Back to business. Let’s see where was I…
Facebook? No. I’ve beaten that dead horse.
Halloween? No. That one has pass for this year.
On to the next holiday.
So the pilgrims wanted to worship and moved to the new world. They did their harvest festival thing, also thanking their god, and this American overeating holiday is born.
There has always been harvest feasts to be sure. But here in the states we have perfected the art of poultry gluttony. People, mostly in family groups, will get together. Tables will groan with piles of food. Over fed turkeys with stuffing inside will be consumed to excess. And we will all call it good.
This will be followed by a dessert starring pumpkin pie among other treats and goodies.
There will be parades and football. Leftovers will be distributed. Holiday shopping will be planned.
I do mock. I complain yearly that the day has been consumed with apathy and greed.
But still I participate.
I will roast the perfect bird. Stuffing will dress the table. Over eating will commence.
Not by me mind you. I’m allergic to poultry. I don’t do gluten and there are eggs in that pumpkin pie. Allergies again.
This in no way colors my take on the holiday.

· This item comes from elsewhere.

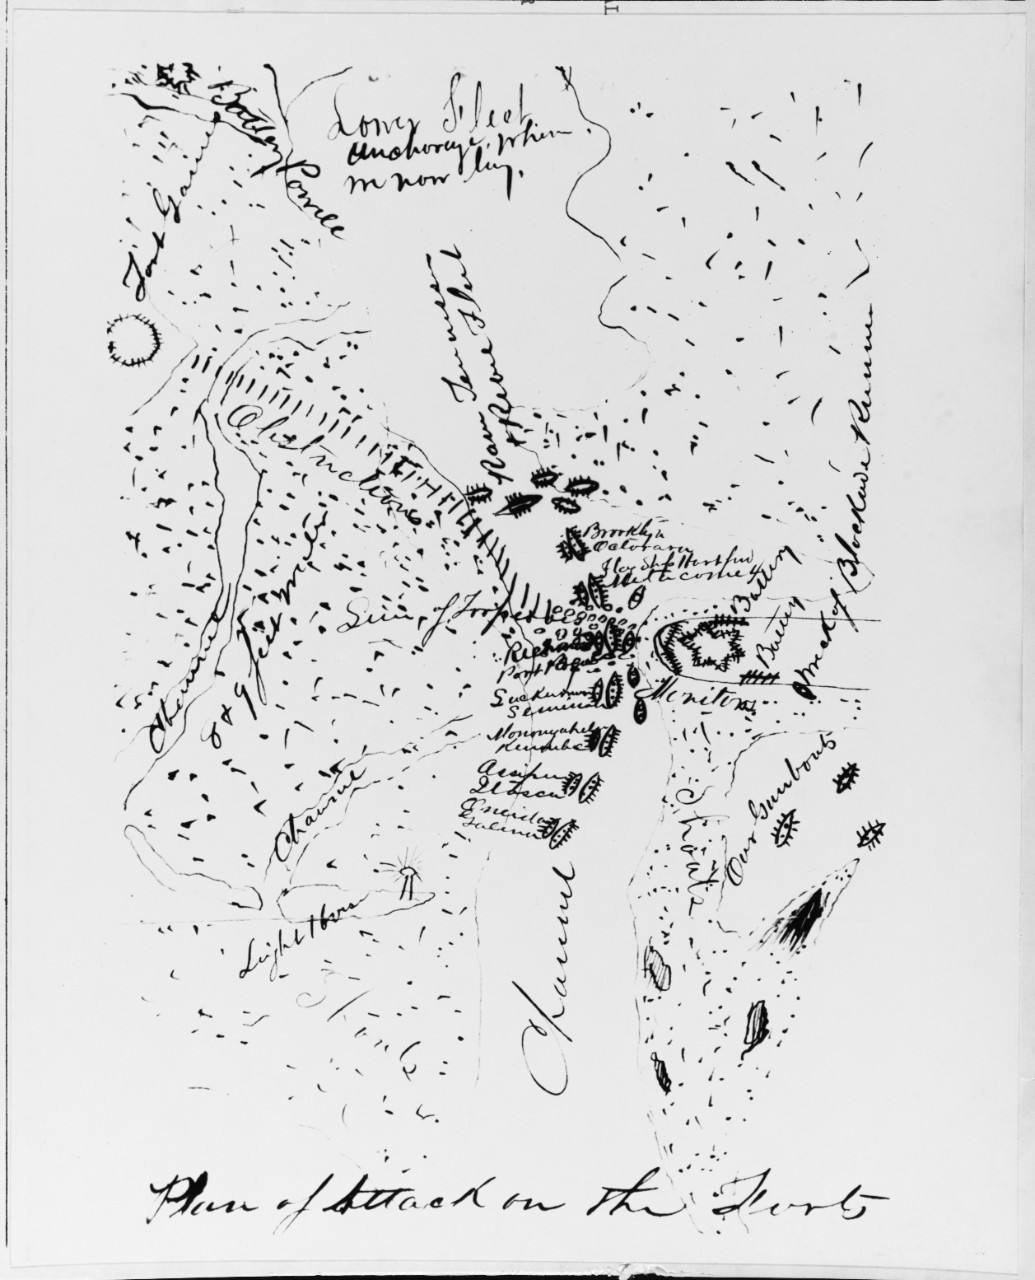 Mobile Bay plan of attack on the forts

I used to do all of those things in abundance before my poultry allergy blossomed.
Together my husband, Mountain Man, and I will do the traditional thing as we do every year. He with his traditional food and football while I do my fake versions of the foods on my side of the table after watching the parade. We will eat too much. Complain about the leftovers in the frig. And eat some more.
It leaves me lacking. Maybe it is the fact that my family is so fractured and has been for some time. I’ll never again have those family Thanksgivings at my grandmothers house like I used to when I was young.
Its not the food it’s the love of extended family that is gone from my life.
I will take on a new outlook. I must if I’m to survive the day.
Its not my losses but the abundance I have that I will concentrate on, as it should be.
And I will be thankful.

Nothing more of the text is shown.